Tool – Ænima
We move to 1996 and here we have 77:18 of Tool brilliance. Their second studio album, here’s where Tool finally went friggin’ huge. It’s also their first with new bassist Justin Chancellor.
The album name combines ‘anima’ (Latin for soul, often used by Carl Jung) and enema. Because Tool. I love the lenticular cover art, the whole package is just stellar.
Let’s dig in, shall we…
Stinkfist, the first single, is a perfect Tool song. Everything they’d learned and built upon to this point is encapsulated in this one track. Damn.
Eulogy, which (drummer) Danny Carey said was about L. Ron Hubbard, has an intro with a lightly Eastern feel to it as it slowly builds, adding drums to those stabbing notes… the guitar comes in as the song finally hits its stride, and Maynard’s vocals on the verses sound are so filtered and processed it sounds like he’s coming through a megaphone. Of course, eventually the whole thing achieves lift-off and is another big track. Even the breakdown section is cool.
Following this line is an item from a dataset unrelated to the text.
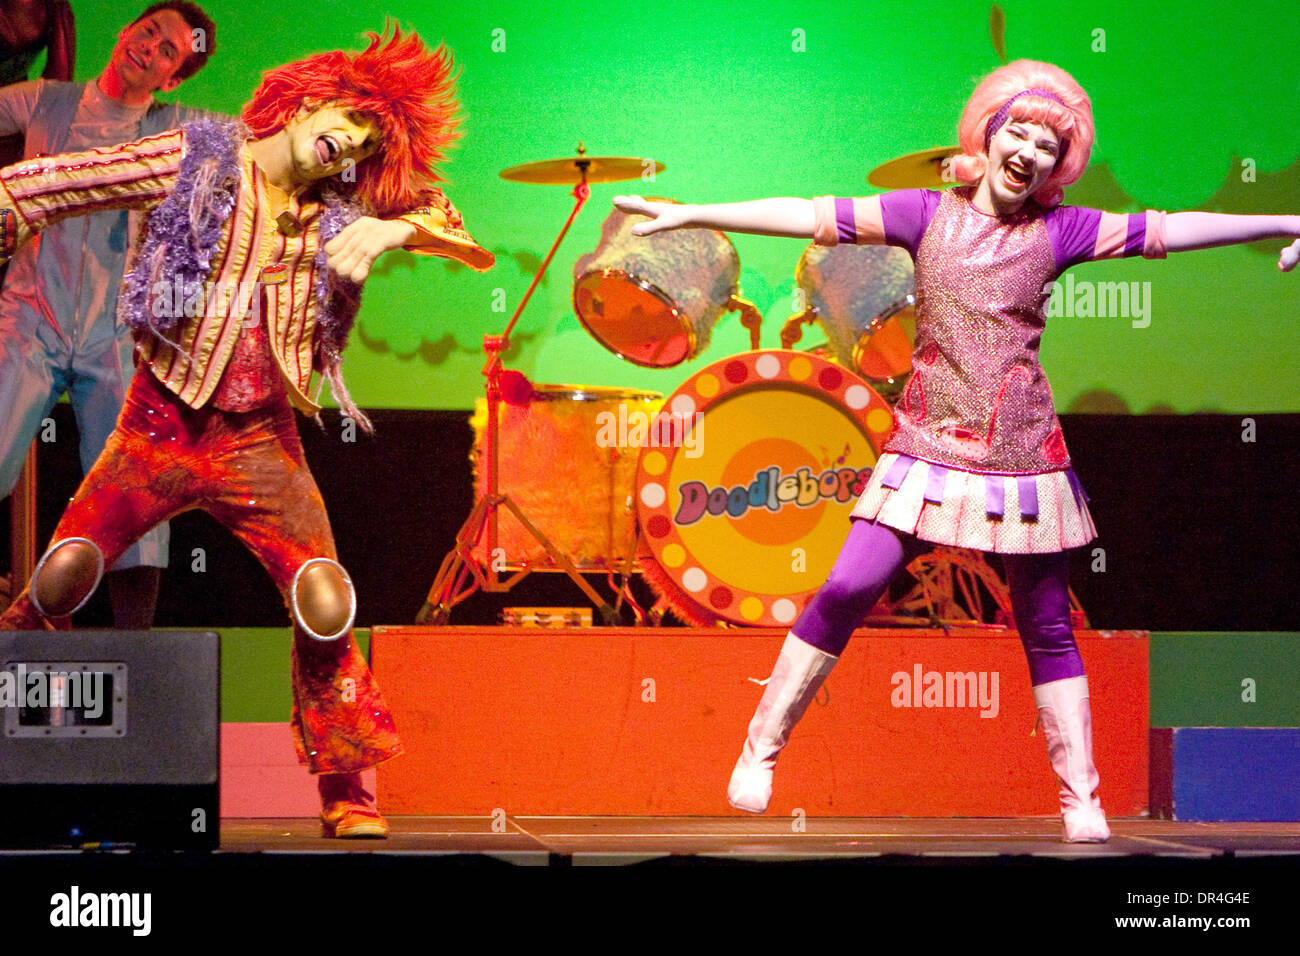 Feb 11, 2009 - Oshawa, Ontario, Canada - Playhouse Disney's featured Doodle Bops - DeeDee Doodle in pink, Moe Doodle in orange and Rooney Doodle in blue along with the Doodle Bop dancers - deliver humor, comedy and wonderful music geared to be a young child's (typically 3 to 6 yrs of age) first rock concert experience. The Doodle Bops perform in their Doodle Bops LIVE concert tour  Stock Photo

H., the second single, fuzz-riffs its way into being. While the verse sections are gentle, lightly drummed sections while the guitar snakes in the background, the chorus is arena-ready massiveness. The middle bit with the repeating guitar while the drums pound and Maynard sings beautifully over excellent chord changes is amazing. The control here is incredible, and when it all crashes to a close you know Tool was here.
Useful Idiot is 0:39 of a record spinning after having reached its center. Not sure why this is placed here at track 4 instead of at the end of the record, but there ya go.
Forty Six & 2 was the fourth single, and it’s another slinky riff, also eastern in feel. When the main bit kick in it rocks like hell. Complicated time signatures are back and it’s glory. The ending is absolutely punishing like being punched. Wow!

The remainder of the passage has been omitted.